Records drawn from a dataset
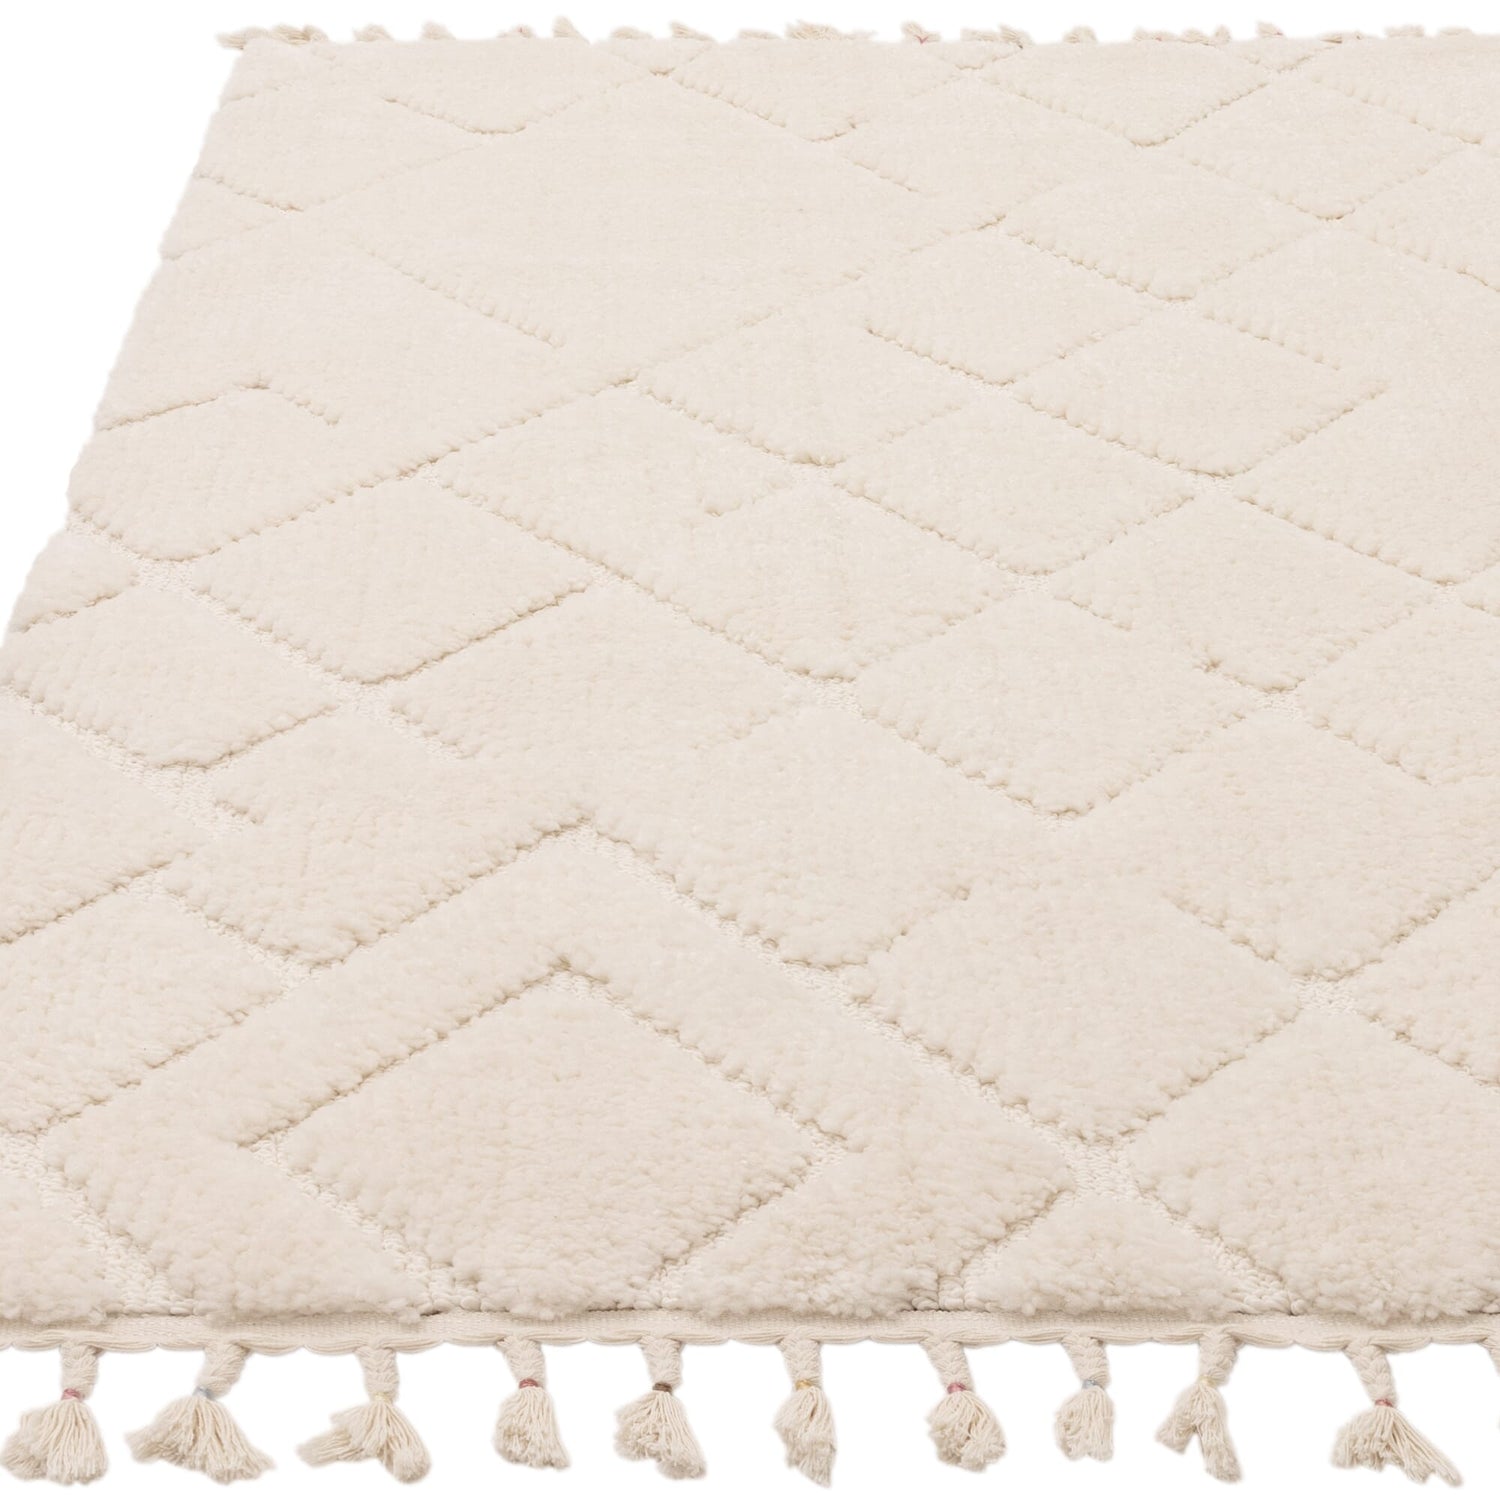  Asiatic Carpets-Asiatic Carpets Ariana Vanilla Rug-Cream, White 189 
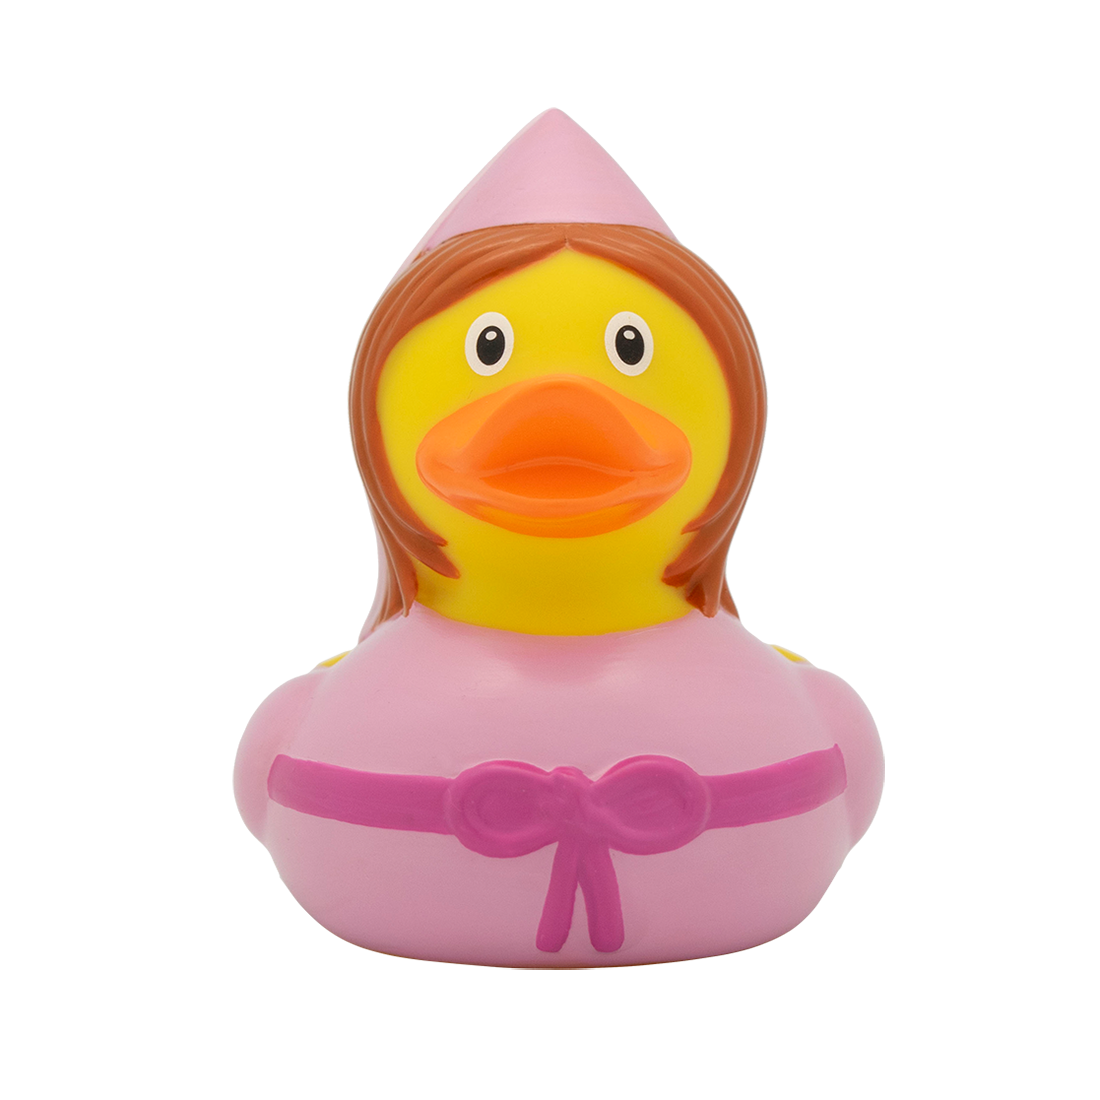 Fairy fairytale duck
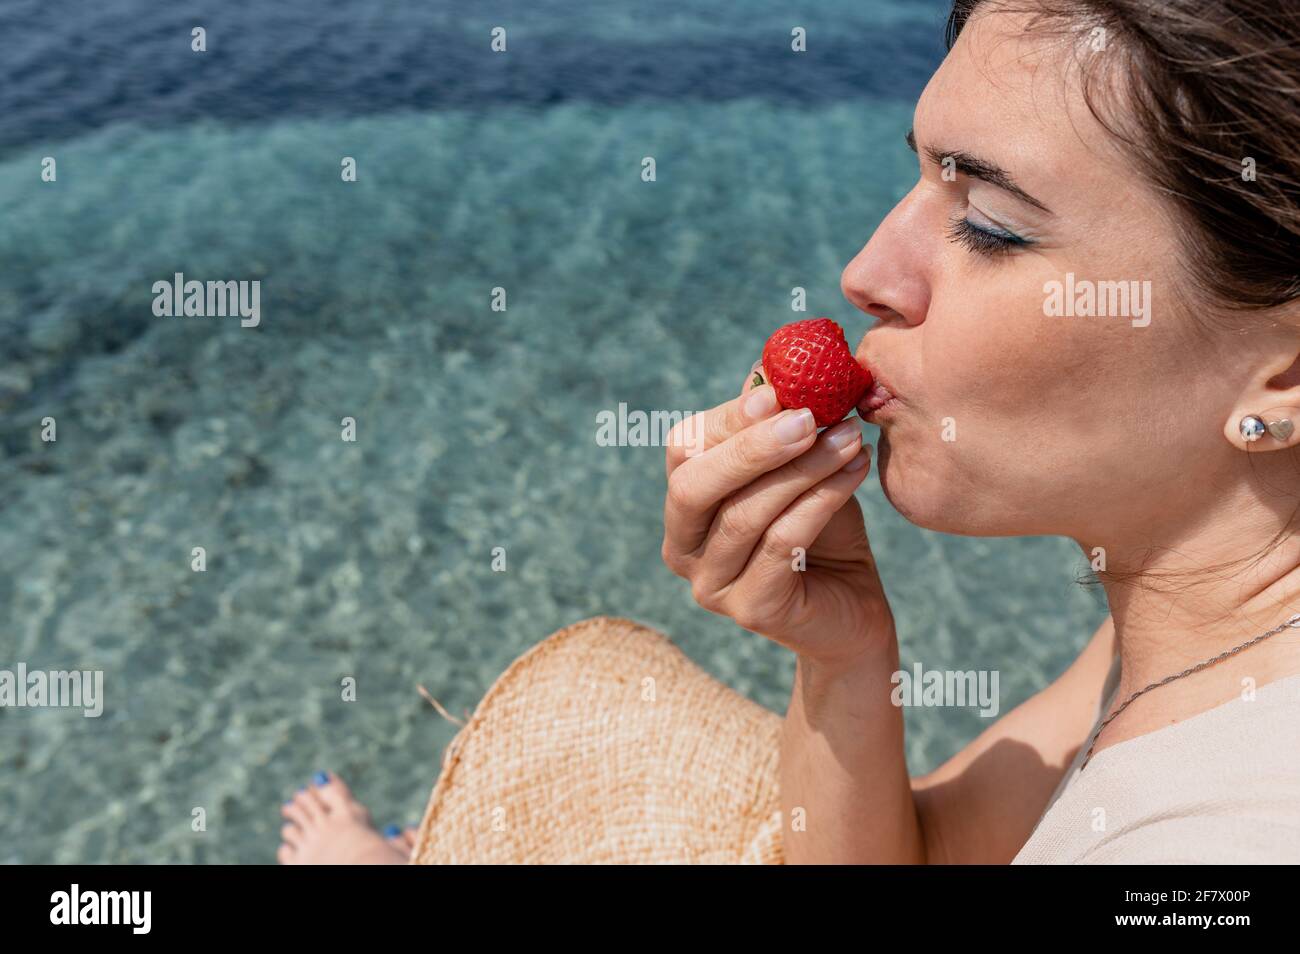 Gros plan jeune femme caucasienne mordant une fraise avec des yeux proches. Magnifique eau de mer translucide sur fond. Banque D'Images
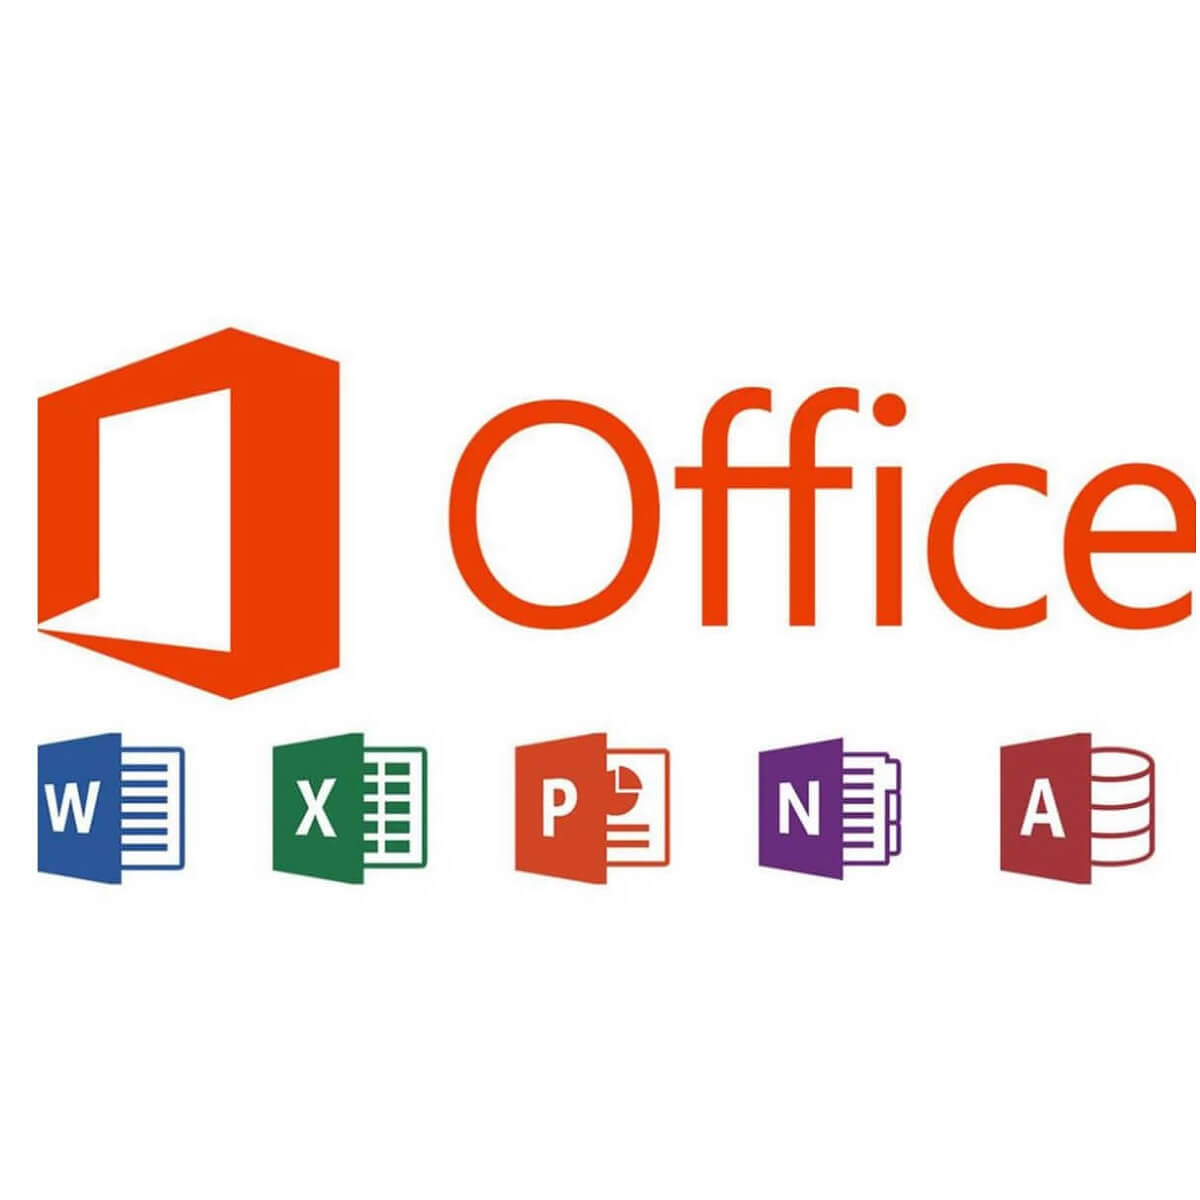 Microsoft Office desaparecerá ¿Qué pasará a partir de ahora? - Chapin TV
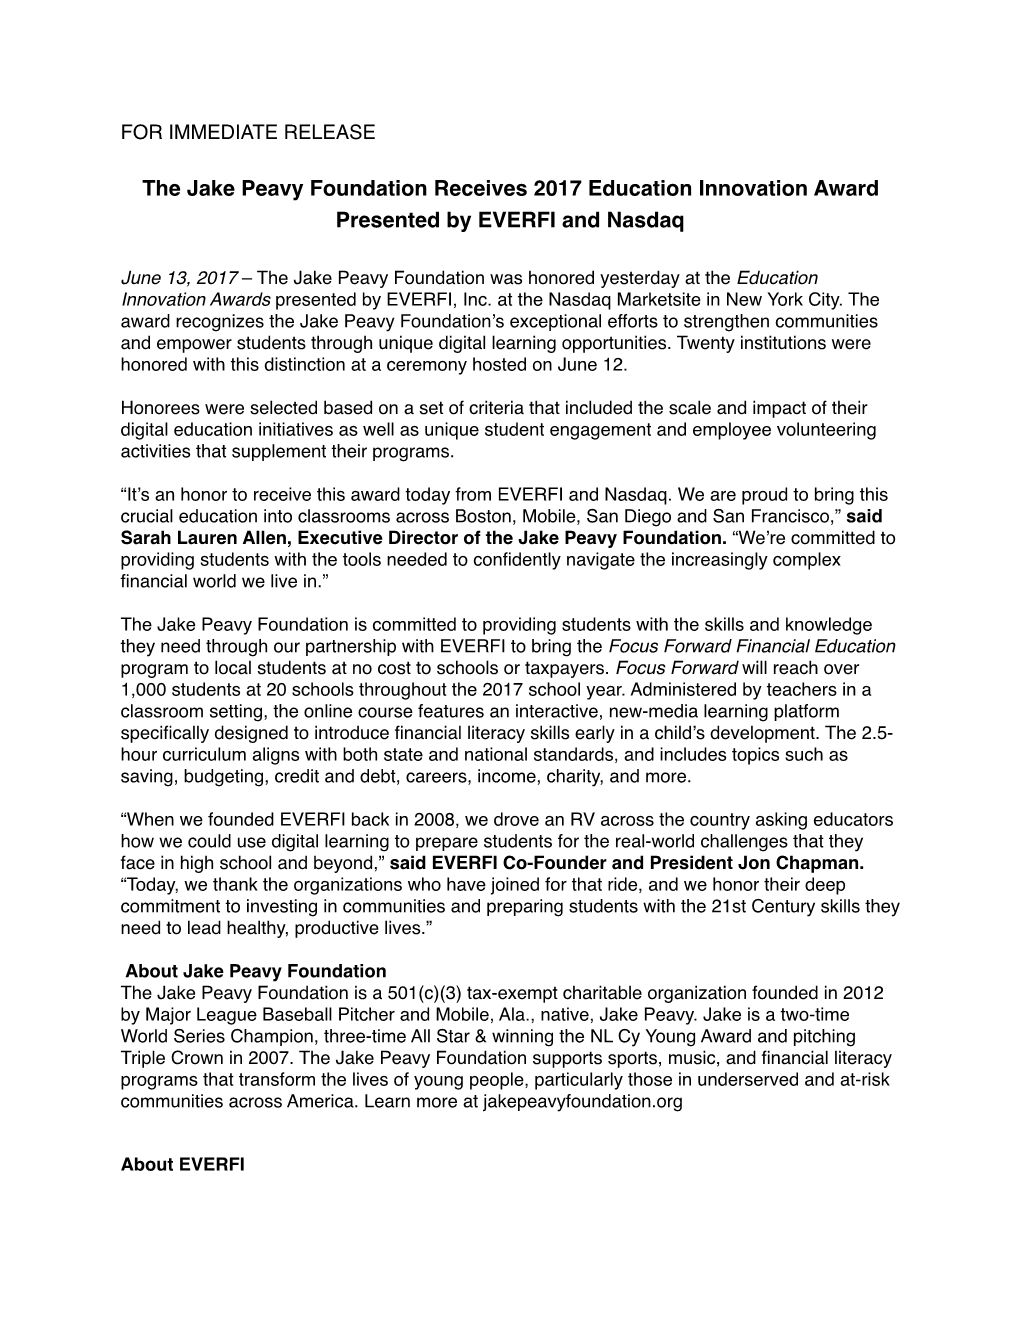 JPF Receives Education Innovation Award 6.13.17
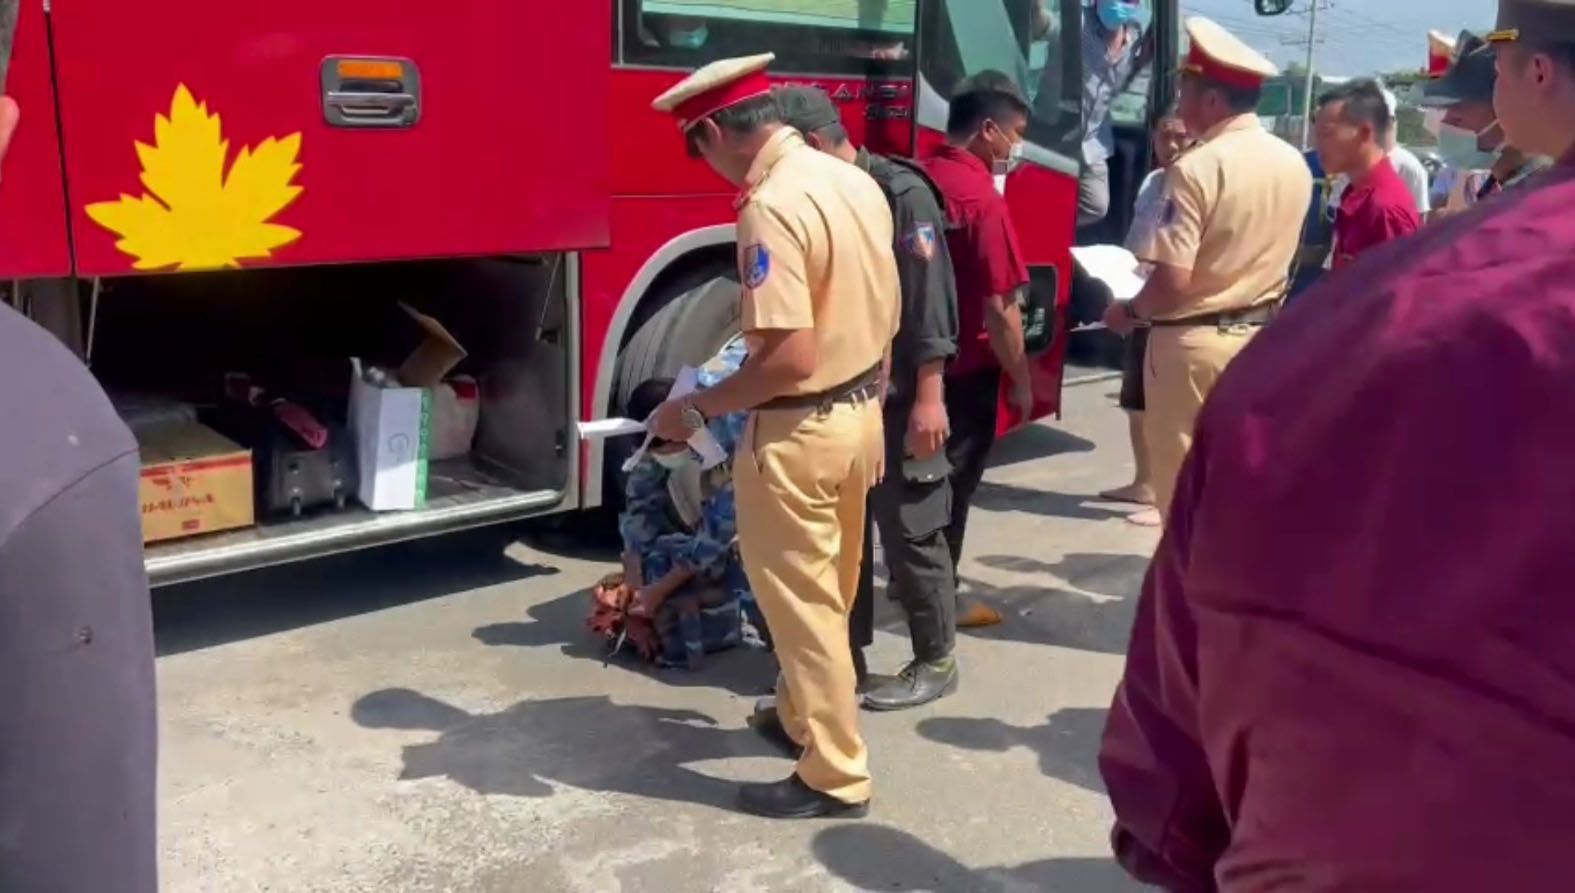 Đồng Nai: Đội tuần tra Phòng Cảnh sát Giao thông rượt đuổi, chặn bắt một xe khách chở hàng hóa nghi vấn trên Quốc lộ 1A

--- EXERCISE INSTRUCTIONS ---
Reproduce nothing but the lines running from the line with "Microsoft Office desaparecerá" through the end of the records, keeping both end lines and dropping the pictures.

--- FINAL ANSWER ---
 Microsoft Office desaparecerá ¿Qué pasará a partir de ahora? - Chapin TV
 JPF Receives Education Innovation Award 6.13.17
 Đồng Nai: Đội tuần tra Phòng Cảnh sát Giao thông rượt đuổi, chặn bắt một xe khách chở hàng hóa nghi vấn trên Quốc lộ 1A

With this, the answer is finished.